[WHAT YOU SHOULD DO]: In the records below, find the line containing "[DRUDGE+REPORT+2008.jpg]" and return it together with every later line, exactly as written; pictures are to be omitted.

------ GIVEN RECORDS

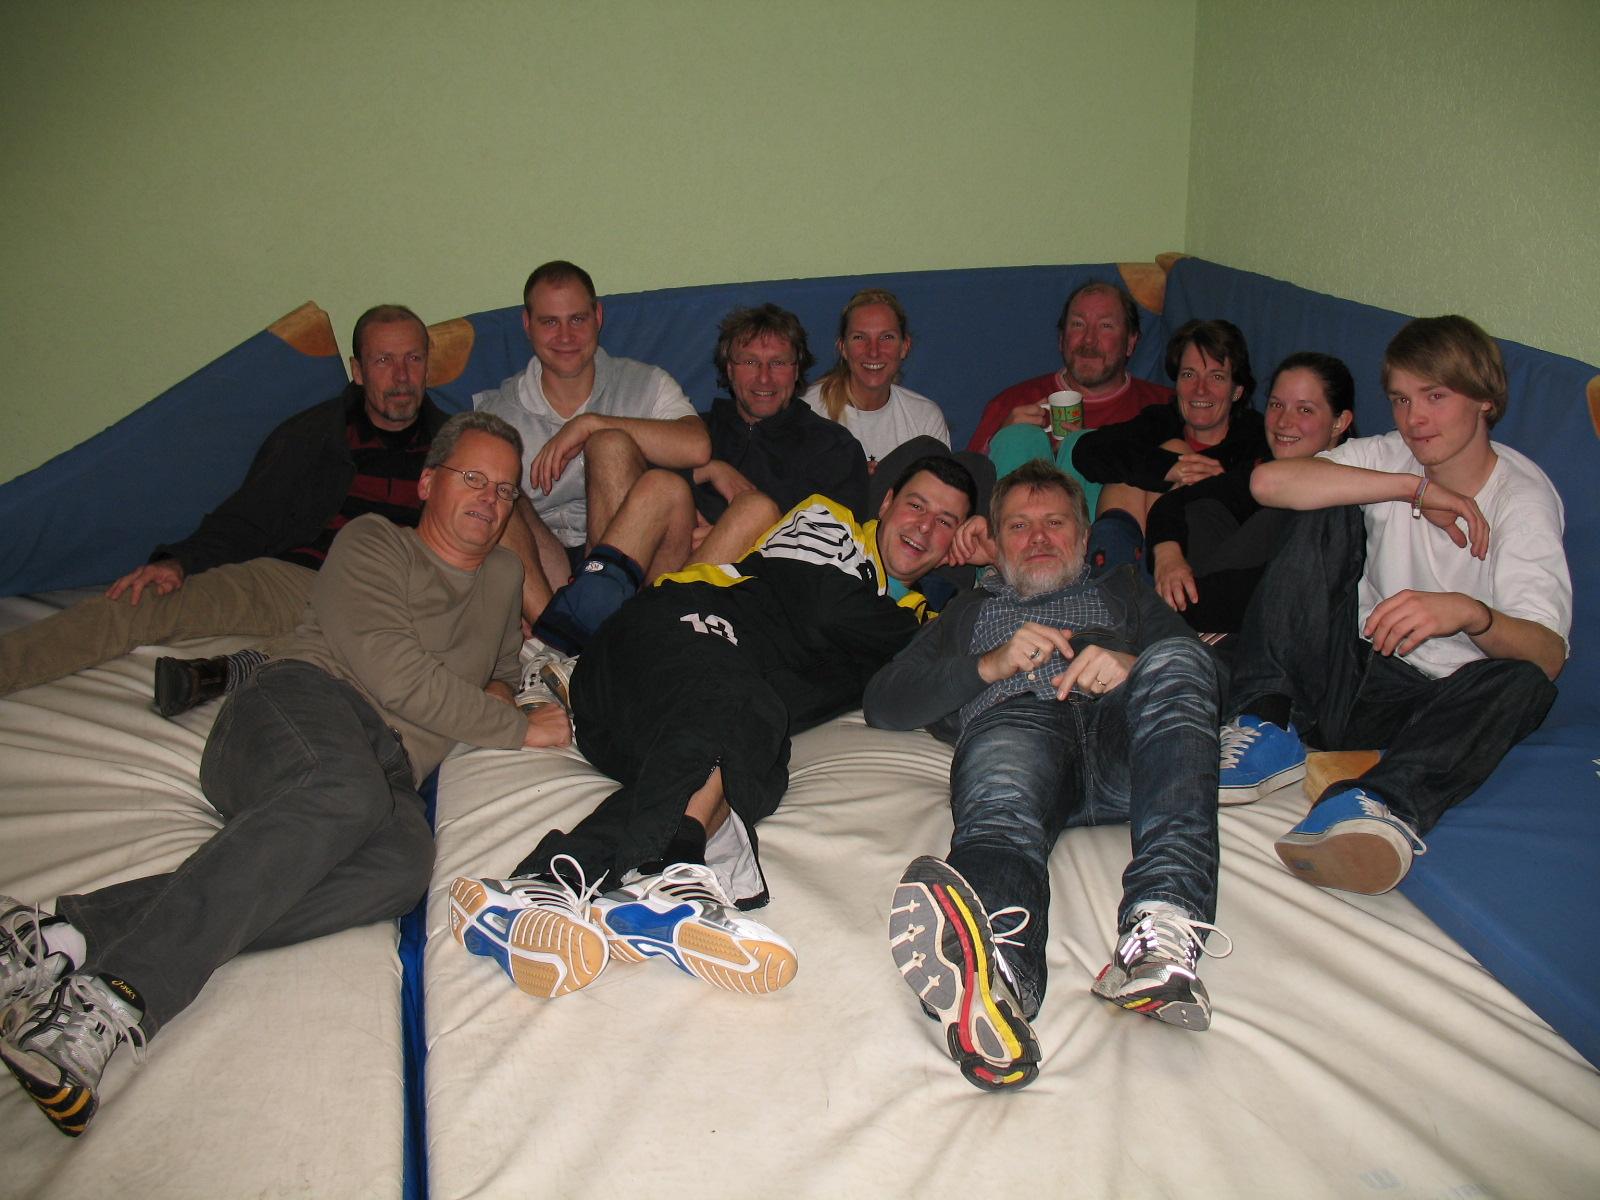 2009 Turnier Oerlenbach
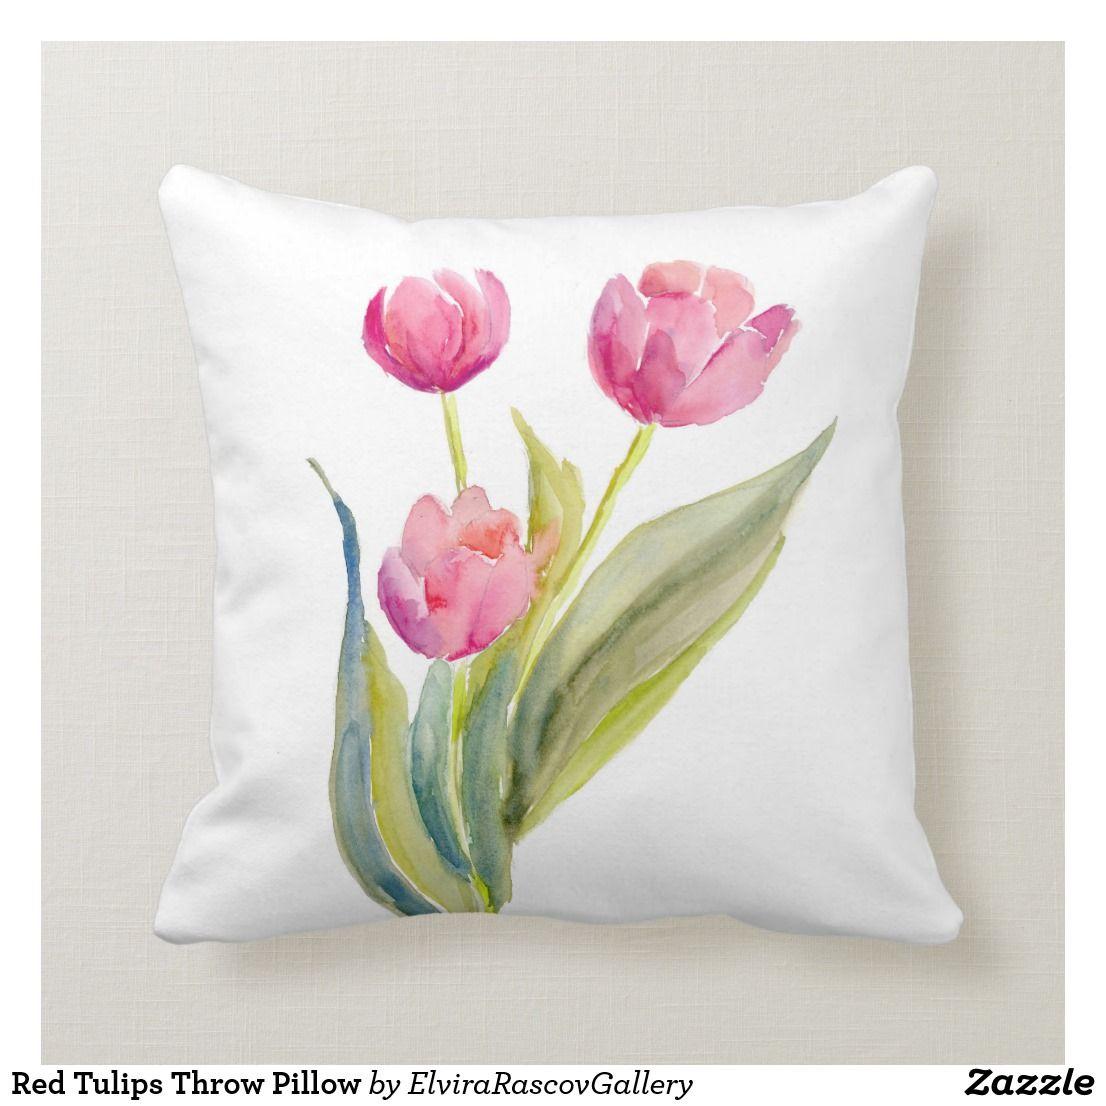 Red Tulips Throw Pillow Zazzle Com In 2020 Tulip Decor Throw Pillows Flower Throw Pillows
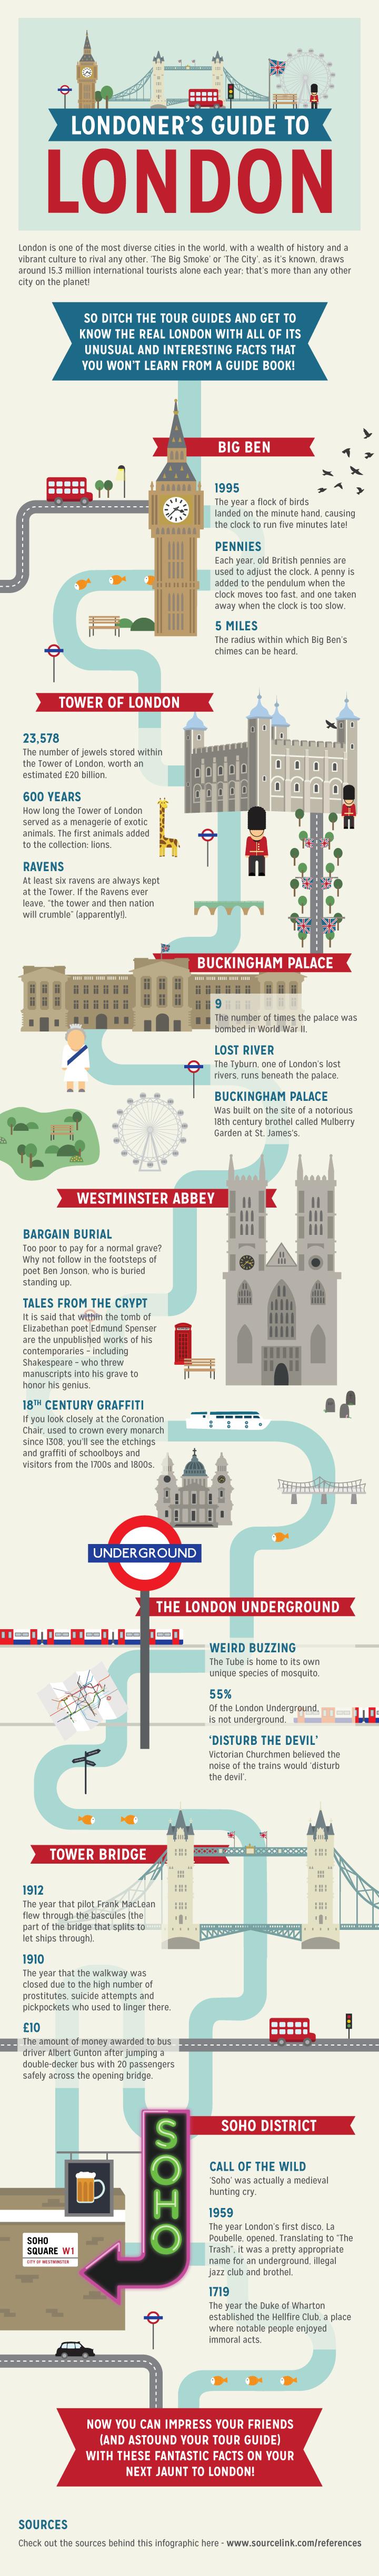 London Confidential-Infographic
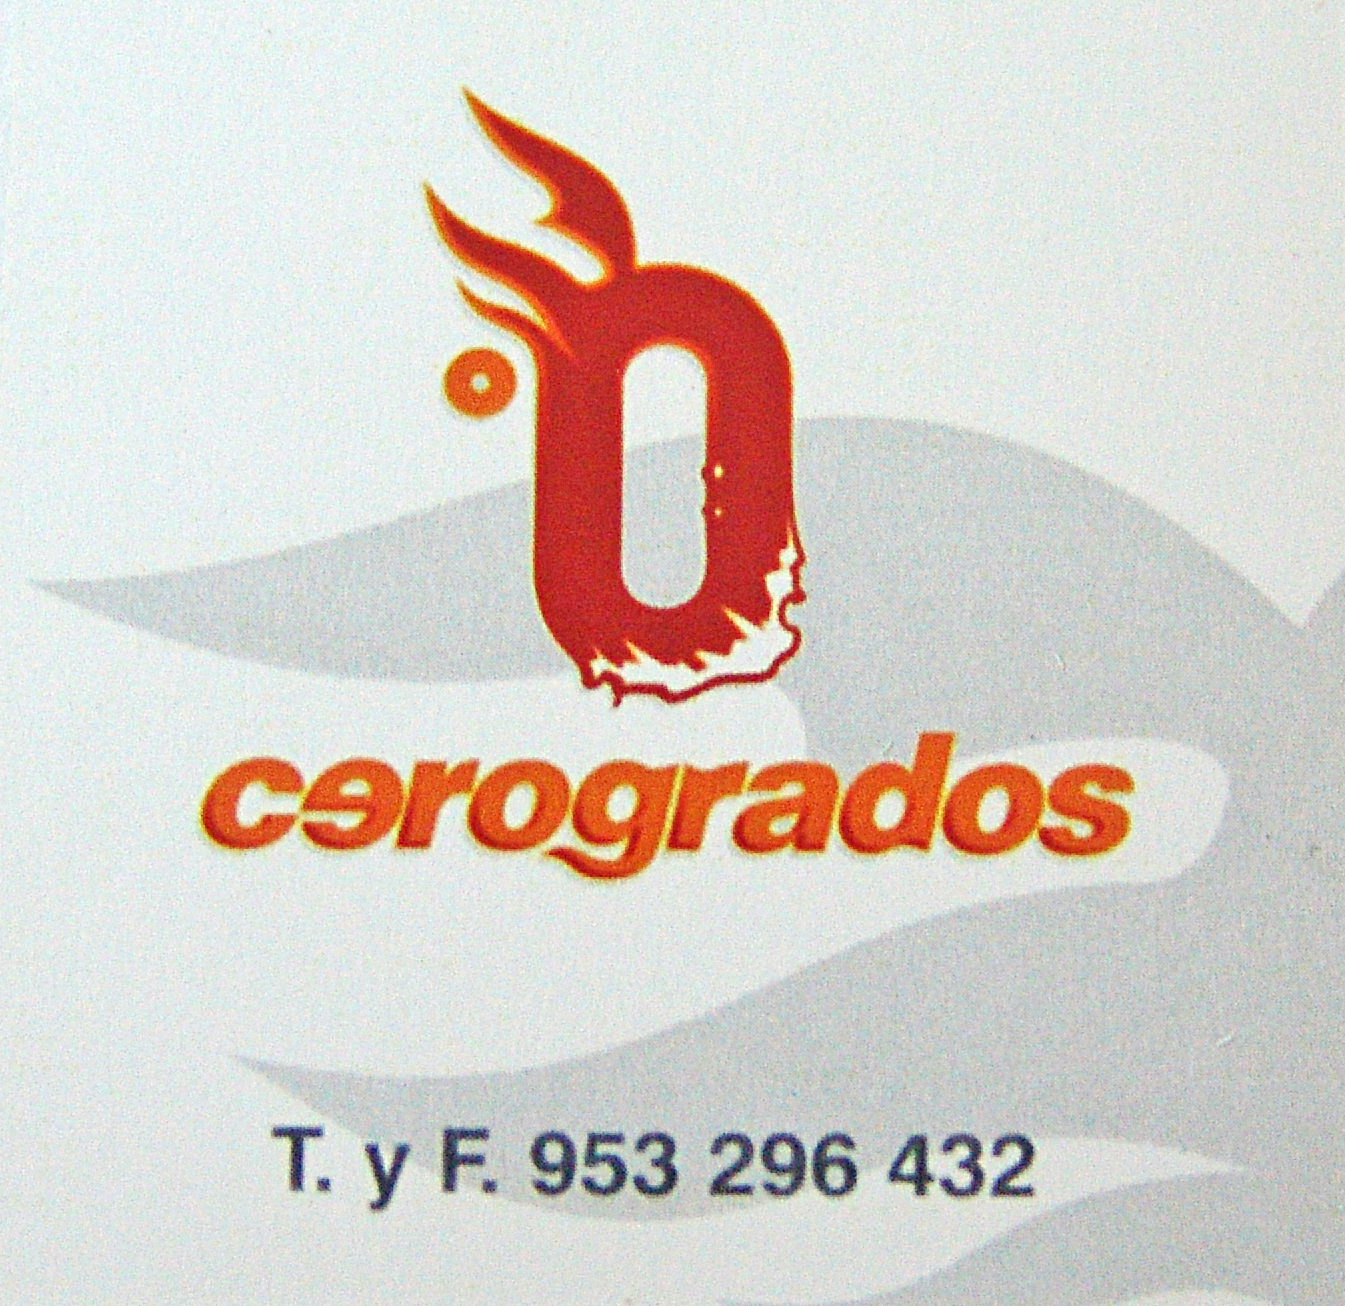 Cerogrados
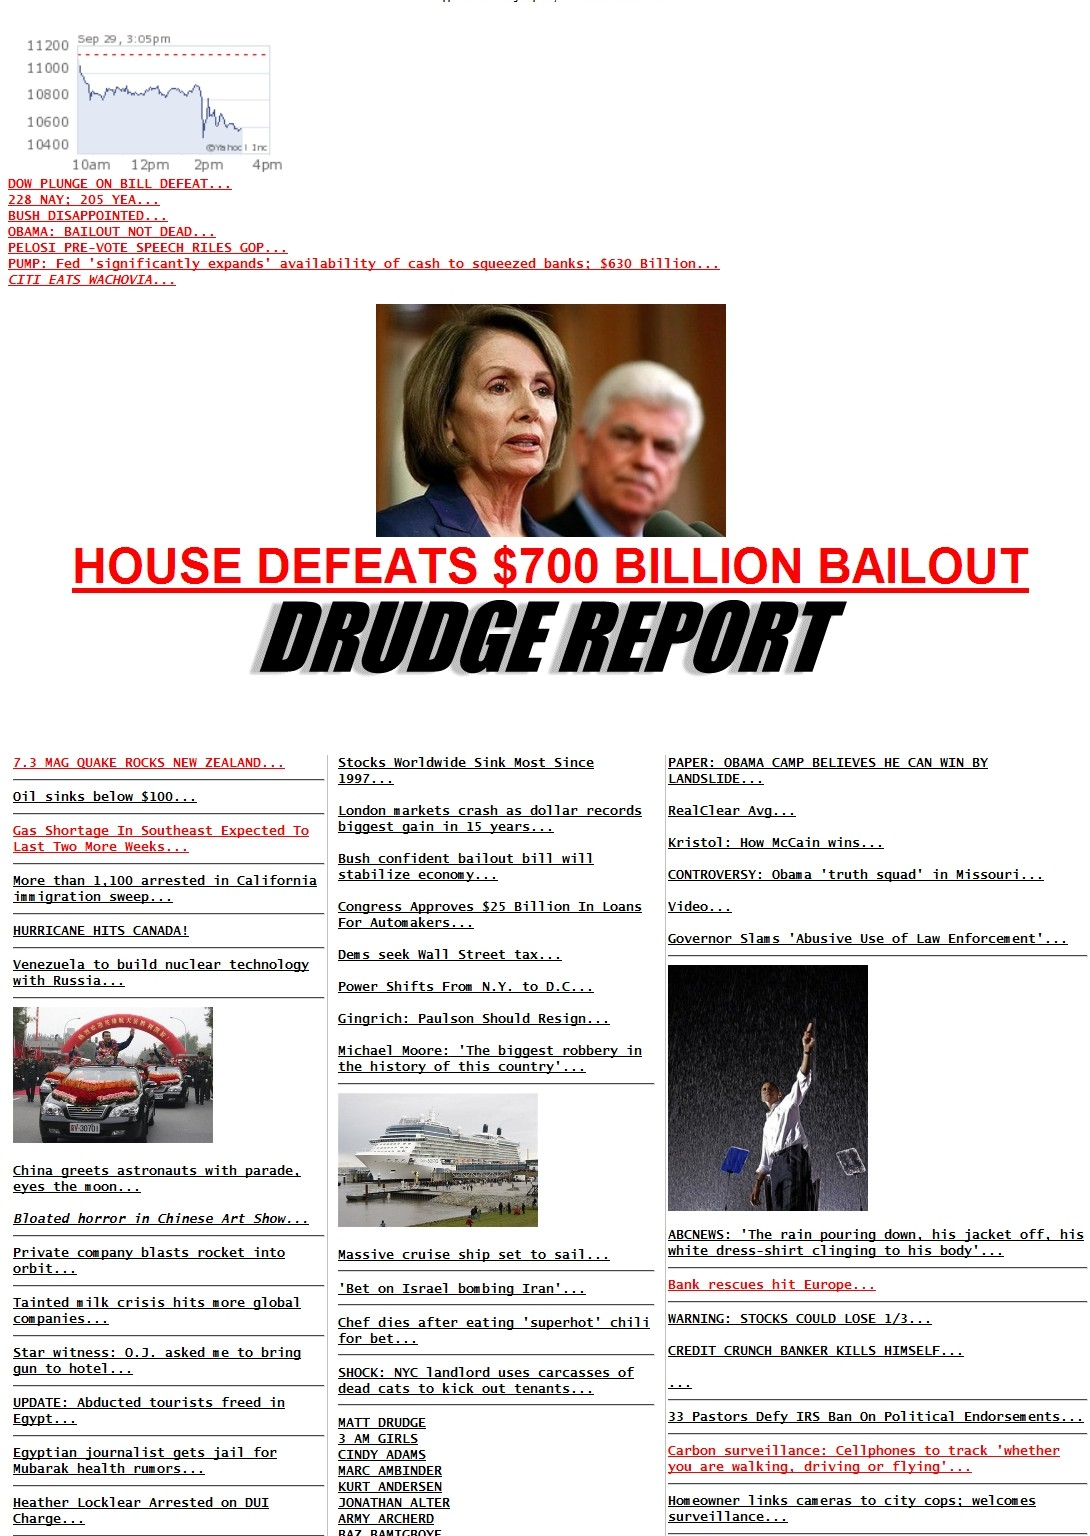 [DRUDGE+REPORT+2008.jpg]
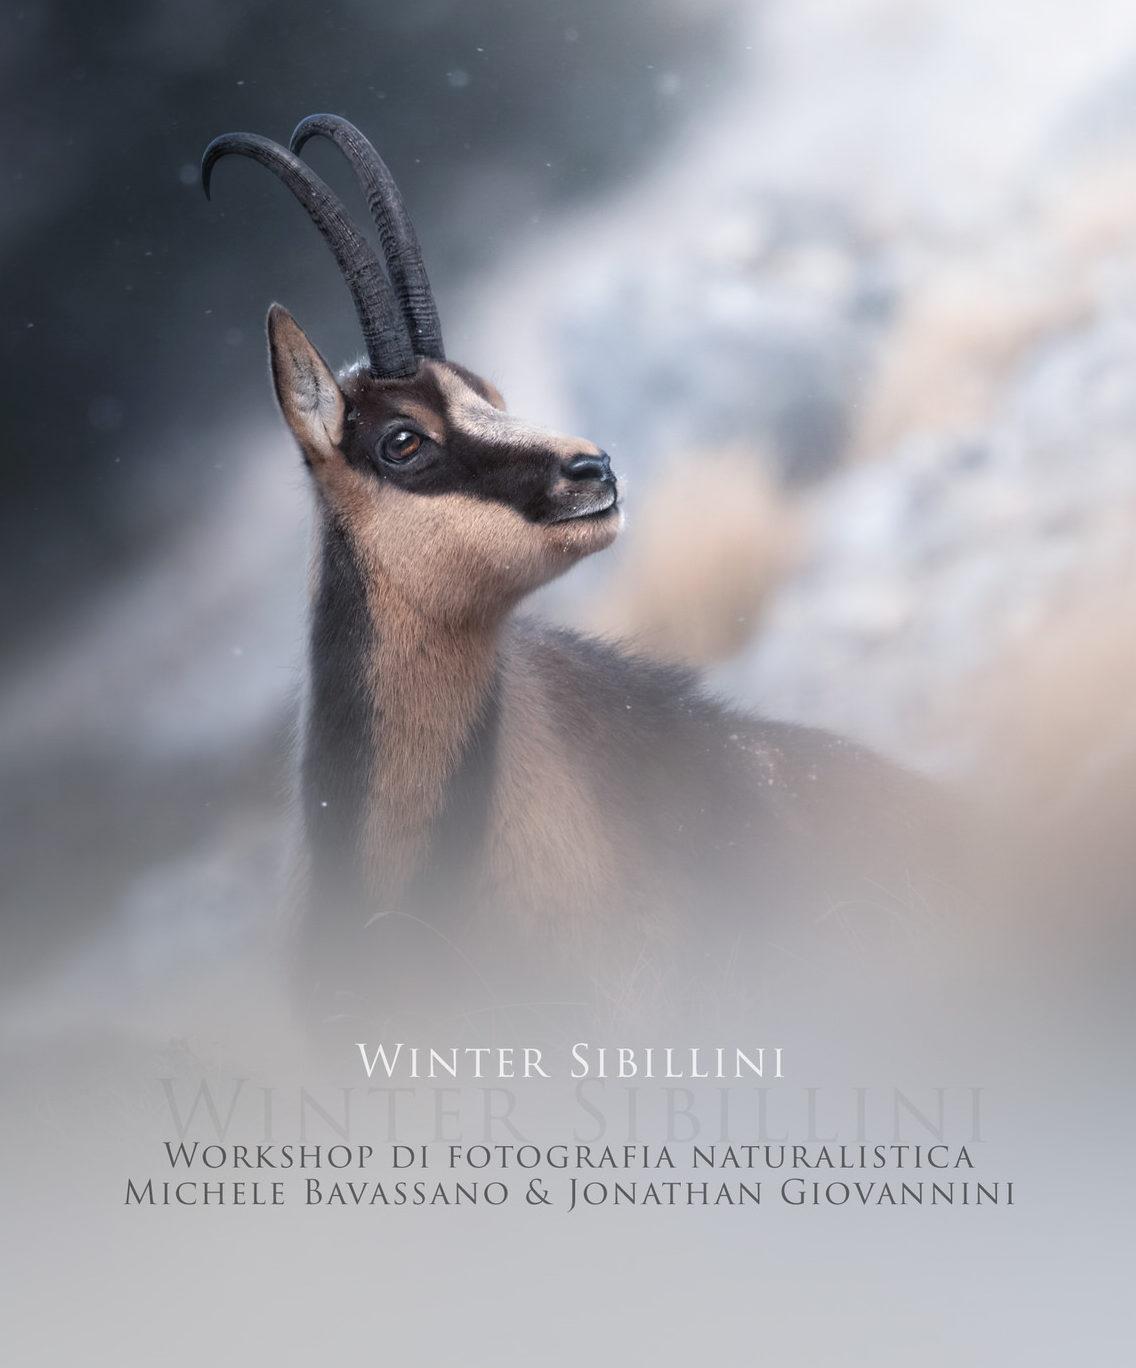 Winter-Sibillini-workshop di fotografia naturalistica

------------

[REPLY TO THE EXERCISE]:
 [DRUDGE+REPORT+2008.jpg]
 Winter-Sibillini-workshop di fotografia naturalistica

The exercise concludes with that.